EXP #001 Nt Nt Q-01 · Building RAG from Scratch · step 1 ✓ Achievement

Vector Spaces & Cosine Similarity: The Math Behind Dense Retrieval

Why two texts can mean the same thing without sharing a single word — and how a dot product turns that intuition into a retrieval engine.

2026-05-23 5 MIN READ COMPLETE

HYPOTHESIS

H₀

H₀ Semantic similarity between texts can be captured as geometric proximity in high-dimensional space, making cosine similarity a principled and interpretable retrieval signal.

METHOD

Worked through the math of vector embeddings, cosine similarity, and dense retrieval from first principles before writing a line of pipeline code. The goal: understand why each piece exists and what breaks if you remove it — not just how to call the API.

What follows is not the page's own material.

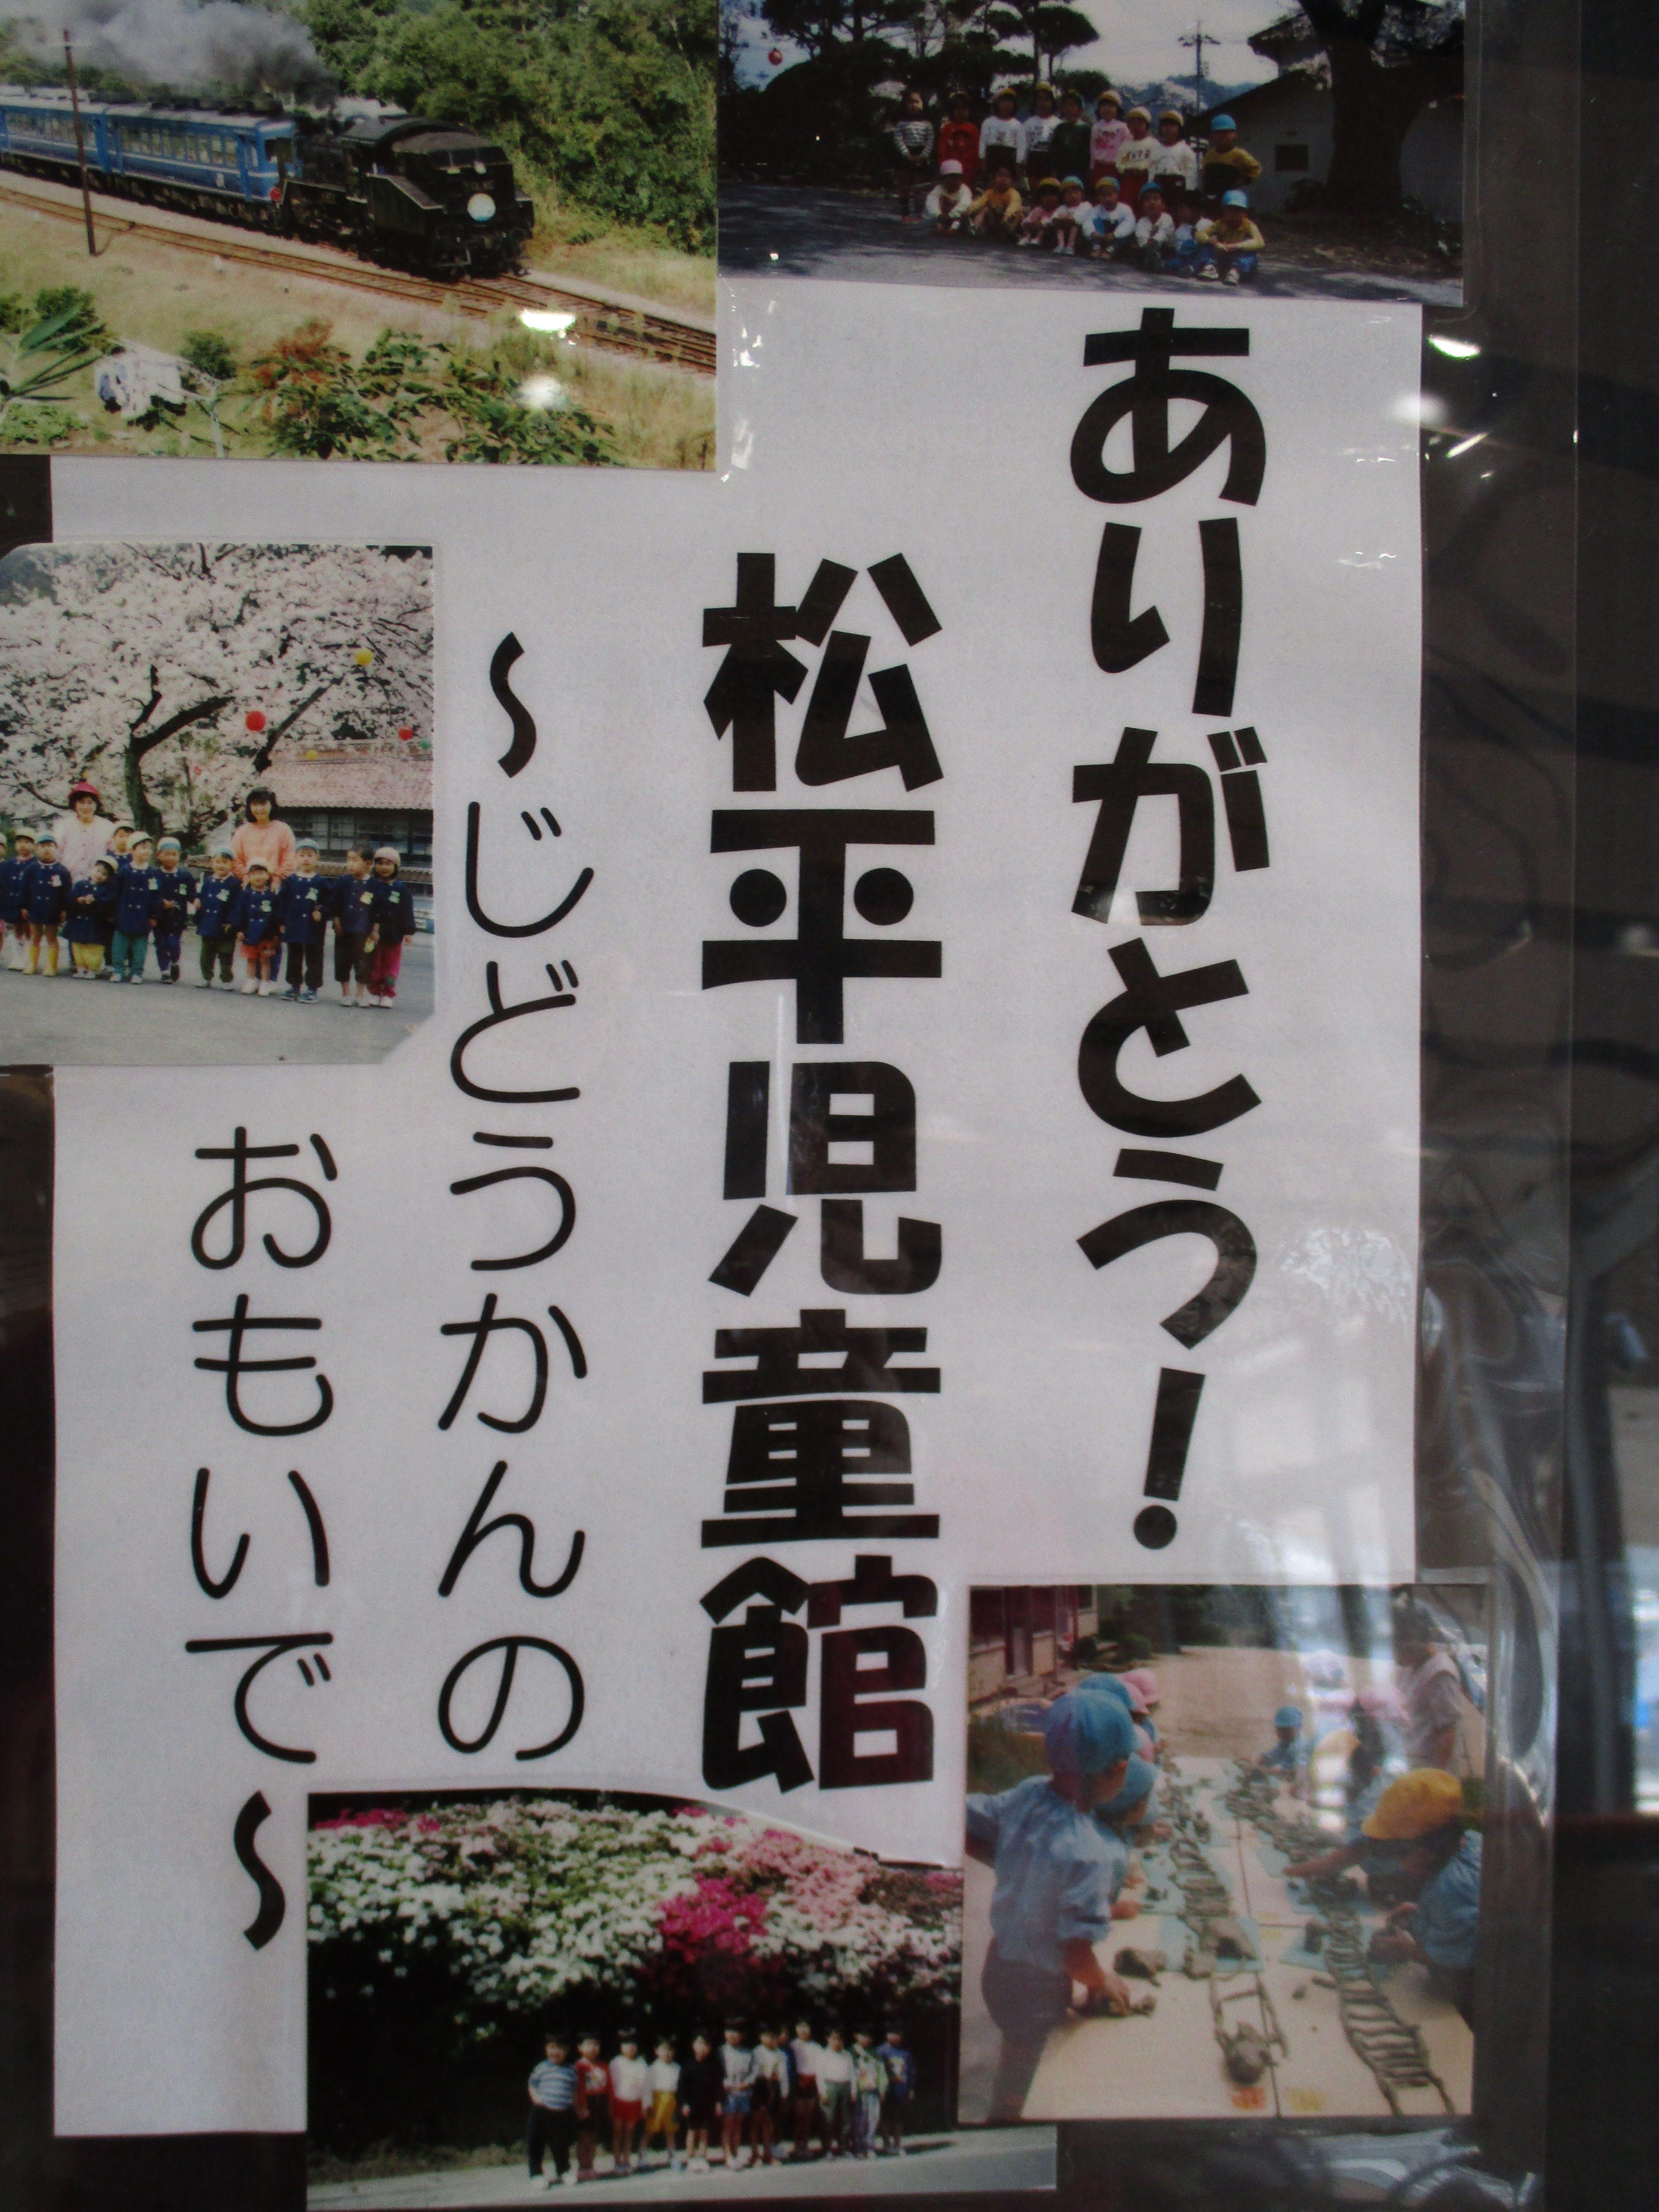 展示終了。ありがとう 松平児童館 多くの思い出をありがとう。

Tested understanding with three concrete questions at the end. This is the first entry in the Building RAG from Scratch quest — every concept gets its own note before it shows up in code.

OBSERVATIONS

01A language model maps text → a list of ~1,500 numbers (a vector). Semantically similar texts land near each other because the model was trained on millions of sentence pairs to pull similar meanings toward the same region. You never interpret individual dimensions — the direction the vector points carries the meaning.
02Cosine similarity measures the angle between two vectors, not the distance between them. This matters: a short sentence and a long paragraph covering the same topic produce vectors at different distances from the origin but pointing in the same direction.
03Vectors A=[1,0,0] and B=[0,1,0] have cosine similarity 0 — perpendicular, unrelated. The dot product is 0, and dividing by the product of magnitudes leaves 0.
04Long documents produce diluted vectors: many topics averaged together pull the vector off the query direction. A short, focused chunk points cleanly at one concept with no noise. This is the core reason chunking exists. Try the “Diluted by noise” preset below.
★Dense retrieval fails on opaque identifiers — error codes, product IDs, rare jargon — because embedding models have no semantic signal to grab. BM25 (exact token matching) fills this gap. Production retrieval is always hybrid because real query distributions contain both semantic and exact-match queries.

THE MATH

Cosine similarity between two vectors A and B:

$\text{cosine}(A, B) = \frac{A \cdot B}{\|A\| \cdot \|B\|}$

Score interpretation:

DATA TABLE n=3

Score	Geometric meaning	Semantic meaning
1.0	Same direction	Semantically identical
0.0	Perpendicular	Unrelated
-1.0	Opposite direction	Semantically opposite

In practice, most embedding models produce scores between 0–1 (no negatives) due to ReLU activations. Dense retrieval at query time is: embed the question → compute cosine similarity against every stored chunk vector → return top-k.

PLAYGROUND

interactive

Move the sliders or hit a preset. Watch the angle arc and similarity score update live. The formula panel on the left shows every step of the calculation — the same math that runs inside ChromaDB on every query.

VECTOR PLAYGROUND

Presets

▶ Vector A — "query"

A.x0.75

A.y0.55

▶ Vector B — "document chunk"

B.x0.60

B.y0.70

A · B = (0.75)(0.60) + (0.55)(0.70)
= 0.835
‖A‖ = 0.930   ‖B‖ = 0.922
cosine = 0.835 / (0.93 × 0.92)
= 0.974 — Similar

cosine similarity
0.974
13° between vectors — Similar

↑ Try “Diluted by noise” — that’s what a long document embedding looks like compared to a focused query. A and B point in vaguely the same direction, but the score drops because noise pulled B off-axis.

CONCLUSION

✓ ACHIEVEMENT

Hypothesis confirmed.

Cosine similarity over embedding vectors is a principled retrieval signal — geometric direction encodes semantic meaning in a way that’s measurable and interpretable. But the signal only holds for semantic queries. Exact-match queries (error codes, IDs, rare jargon) break it, because the embedding model has nothing to embed beyond surface tokens.

The practical conclusion: production retrieval is always hybrid. Dense handles “I don’t know the exact phrasing.” BM25 handles “I know the exact string.” Neither wins alone.

WHAT NEXT

BM25 — TF-IDF, the saturation parameters k₁ and b, and why keyword search still beats dense retrieval on specific query types. Then: how to merge both signals with Reciprocal Rank Fusion.